● SUPPLIED MATERIAL:
____

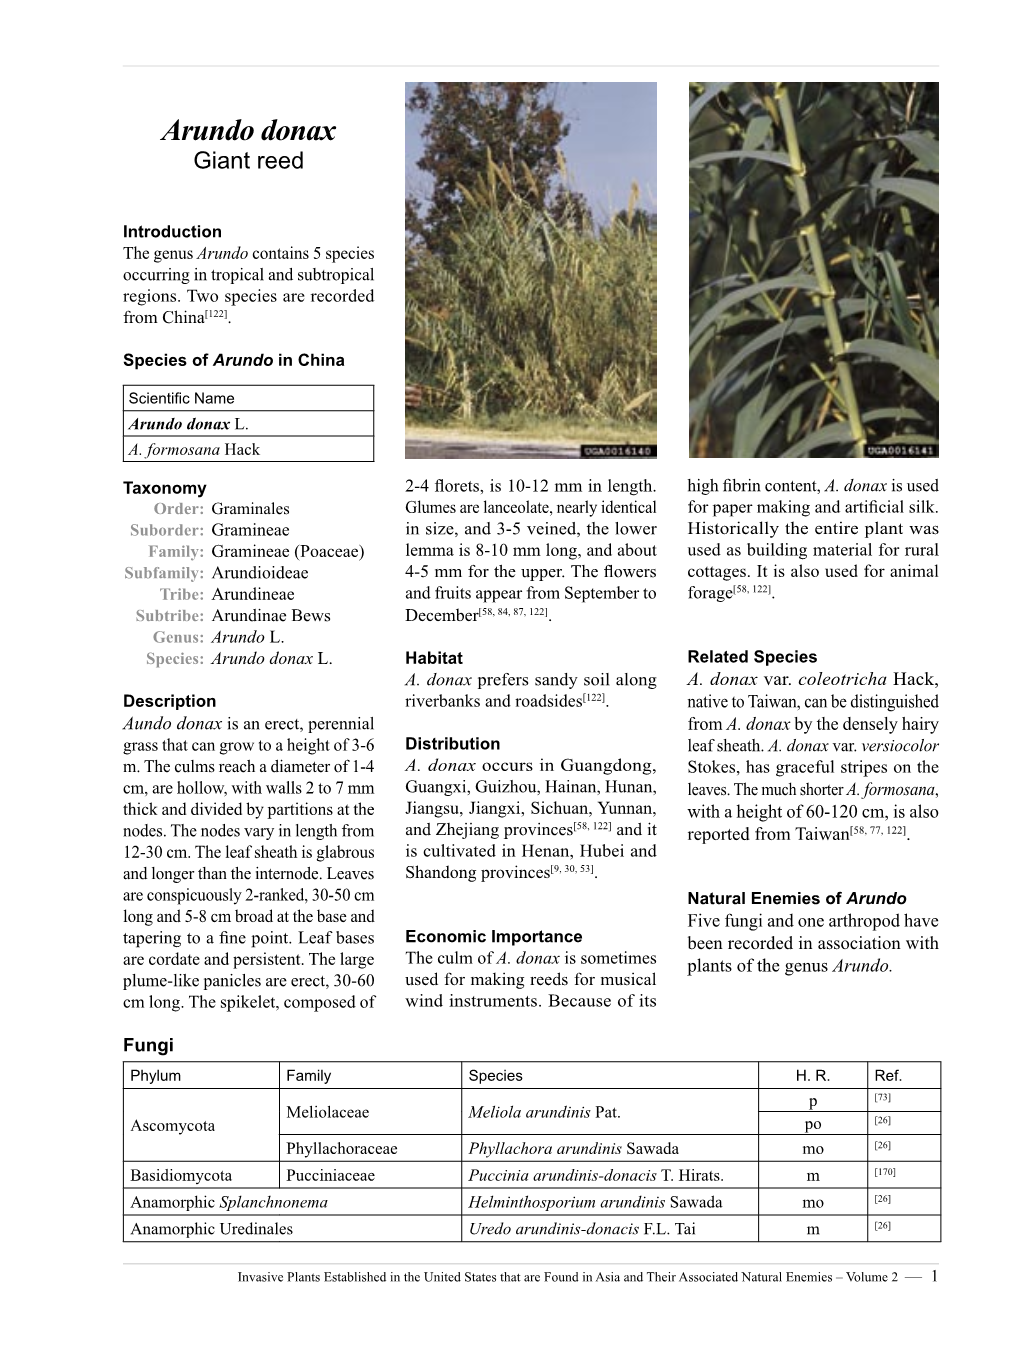 Invasive Plants Established in the United States That Are Found in Asia and Their Associated Natural Enemies – Volume 2 — 1 Arthropods Order Family Species H
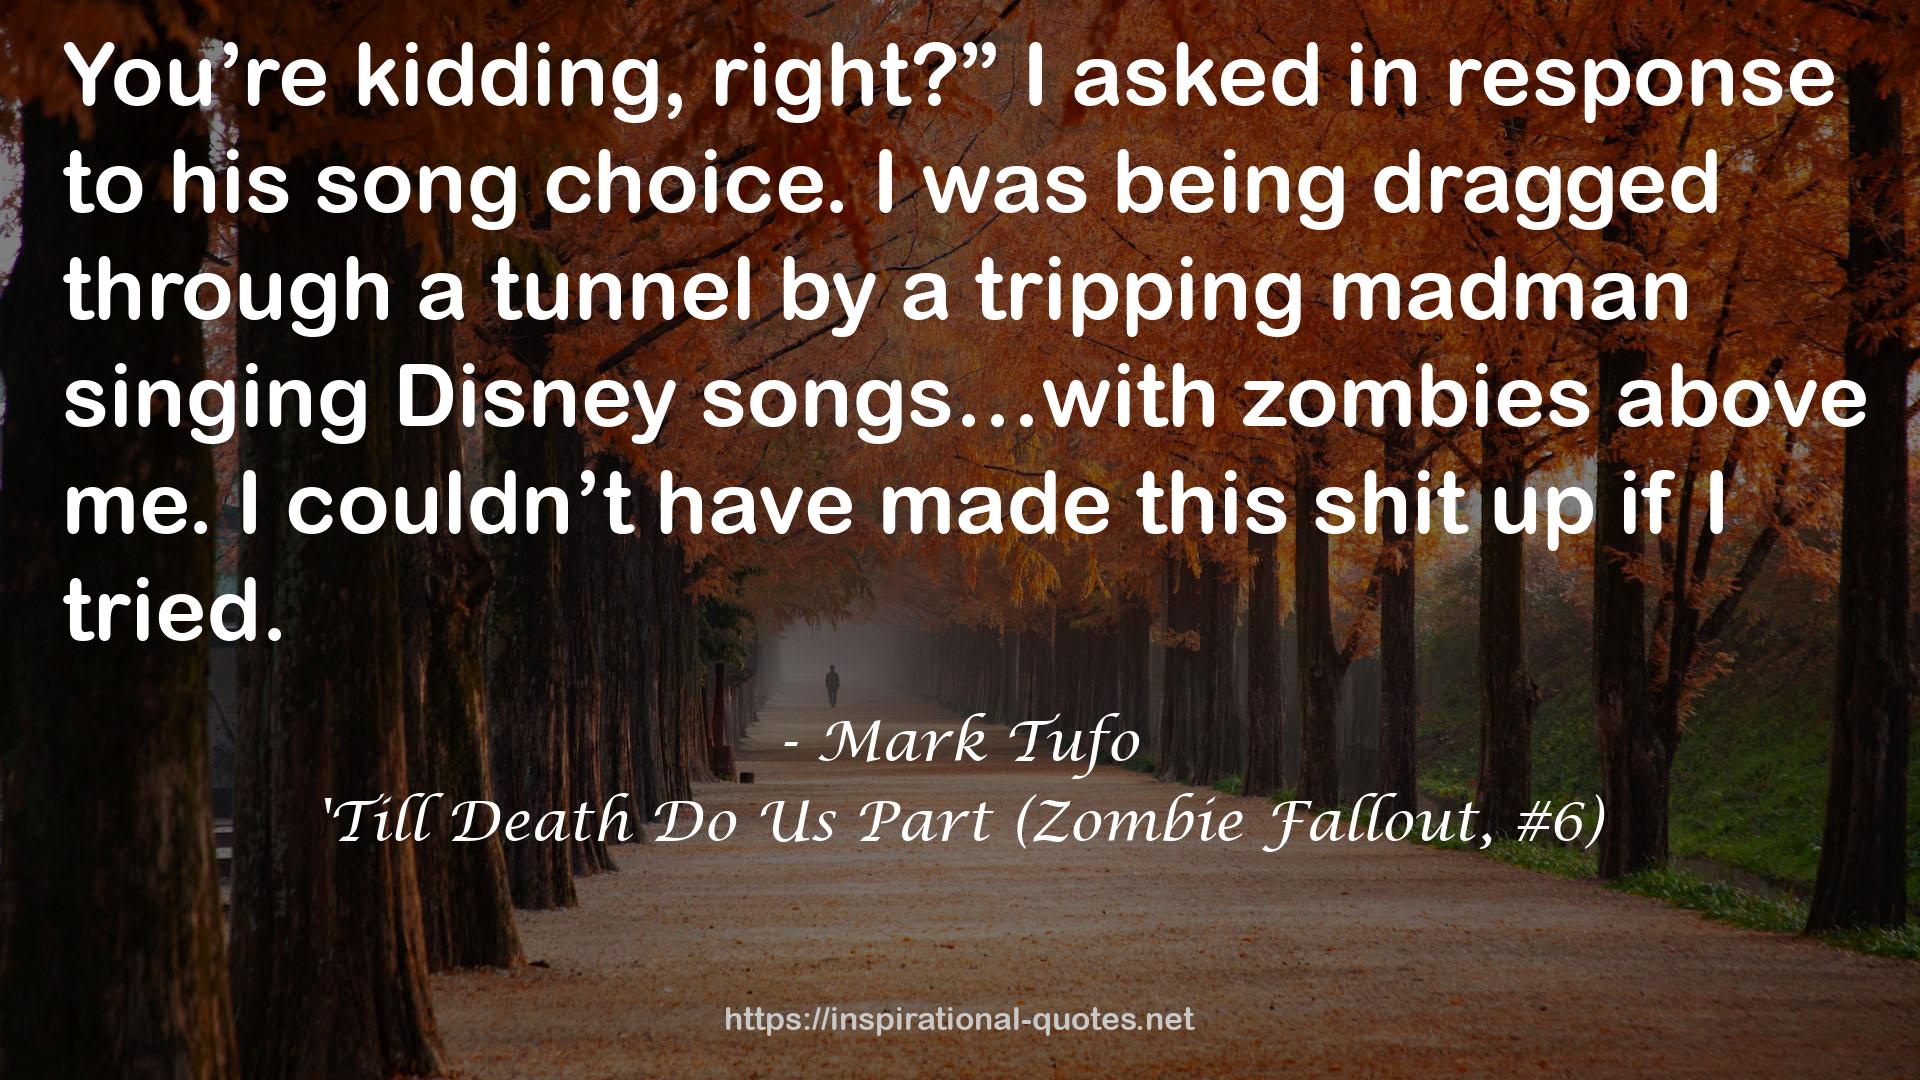 'Till Death Do Us Part (Zombie Fallout, #6) QUOTES
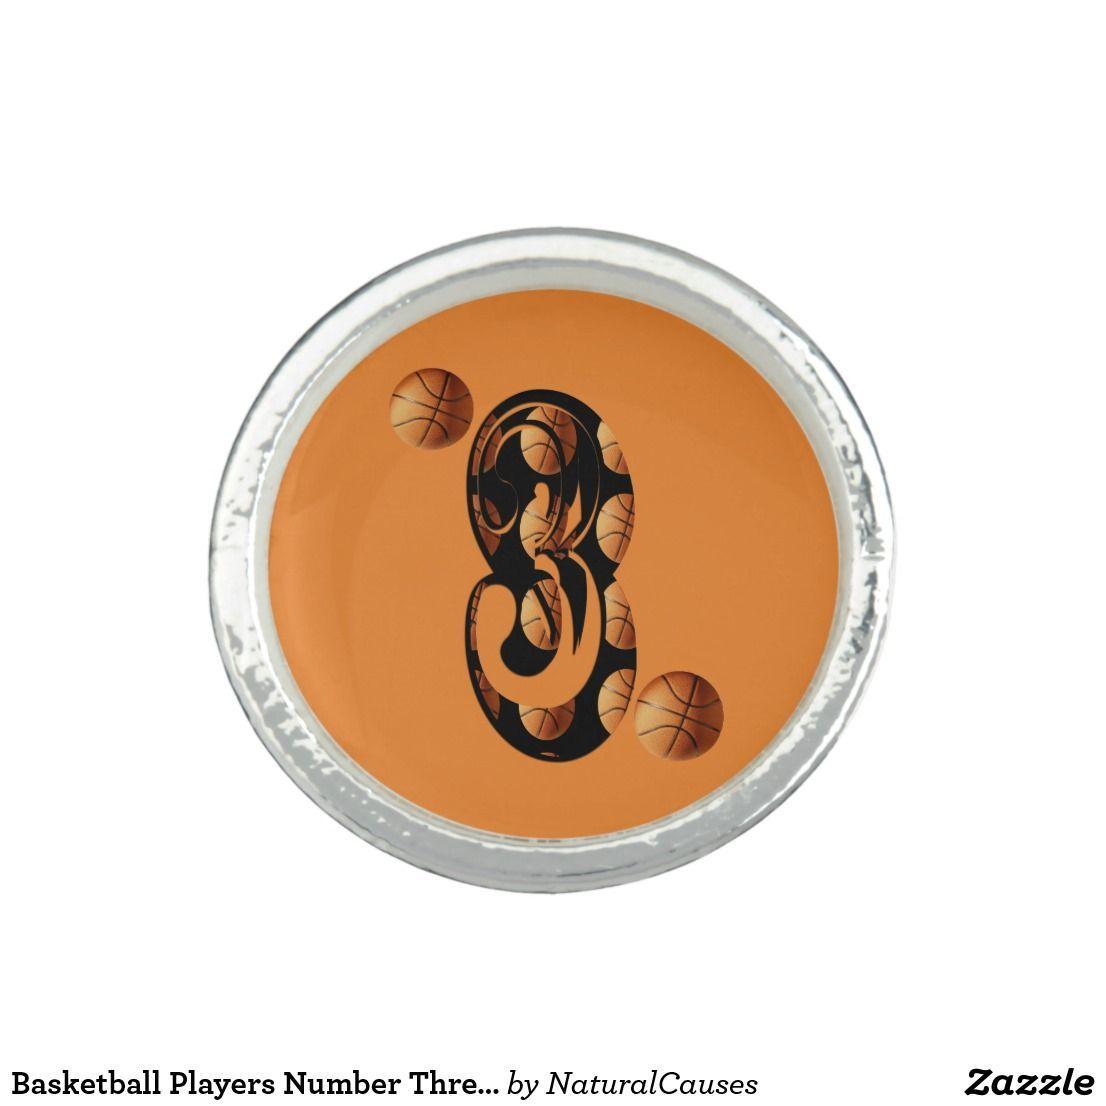 Three Orange Rings Logo - Basketball Players Number Three Picture Logo, Ring in 2019
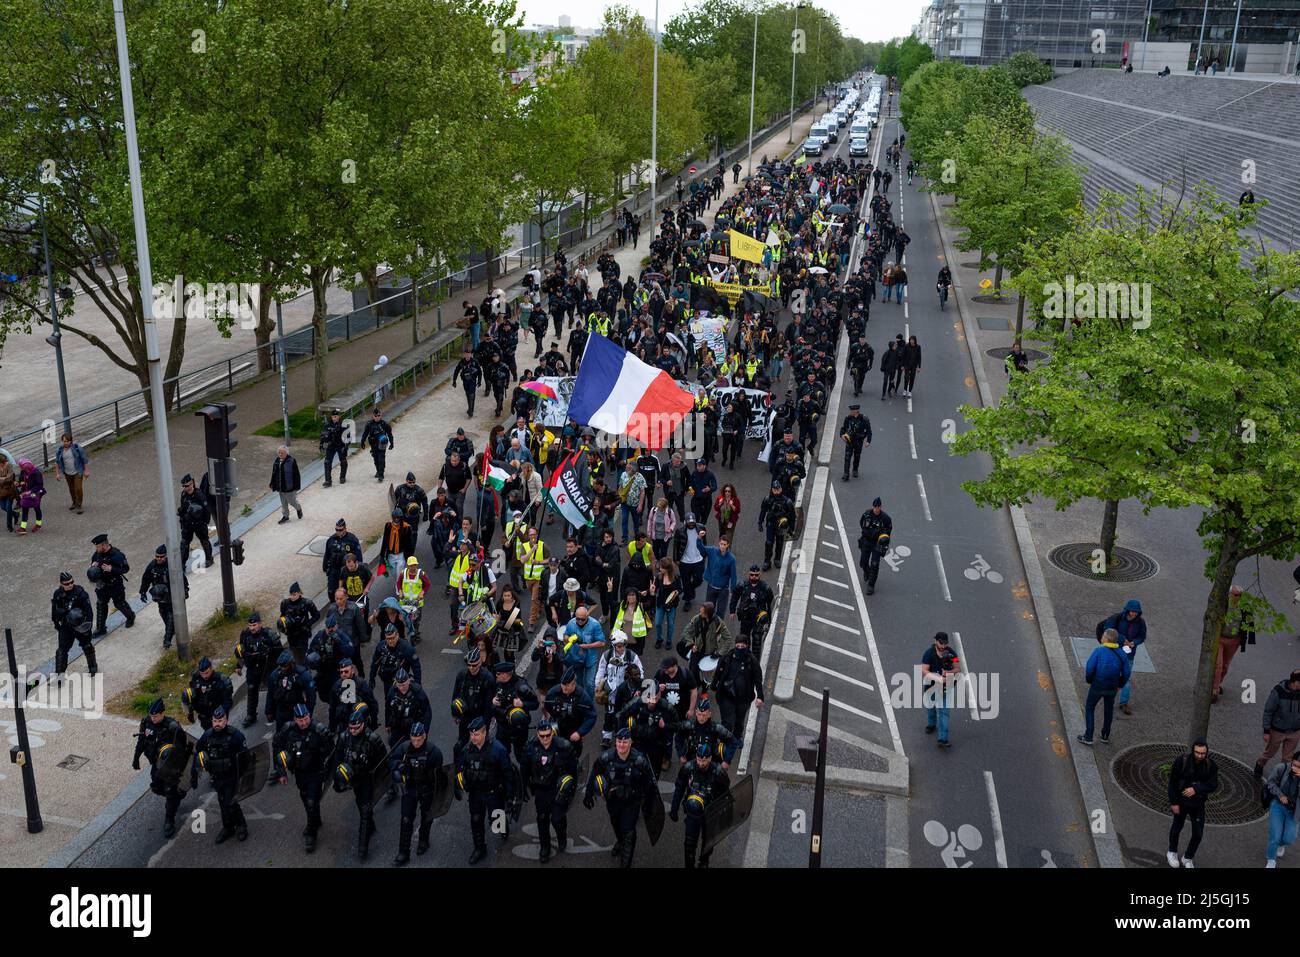 The "Gilet Jaunes" (Yellow Vests) movement holds a rally ahead of the  Sunday election ballot between presidential candidates Emmanuel Macron and  Marine Le Pen in Paris, France on April 23, 2022. The (

____

● EXERCISE DIRECTIONS: The reply should consist only of the lines running from the one with "Three Orange Rings" through the end of the material, both included, copied exactly; please omit pictures.

● TASK ANSWER:
 Three Orange Rings Logo - Basketball Players Number Three Picture Logo, Ring in 2019
 The "Gilet Jaunes" (Yellow Vests) movement holds a rally ahead of the  Sunday election ballot between presidential candidates Emmanuel Macron and  Marine Le Pen in Paris, France on April 23, 2022. The (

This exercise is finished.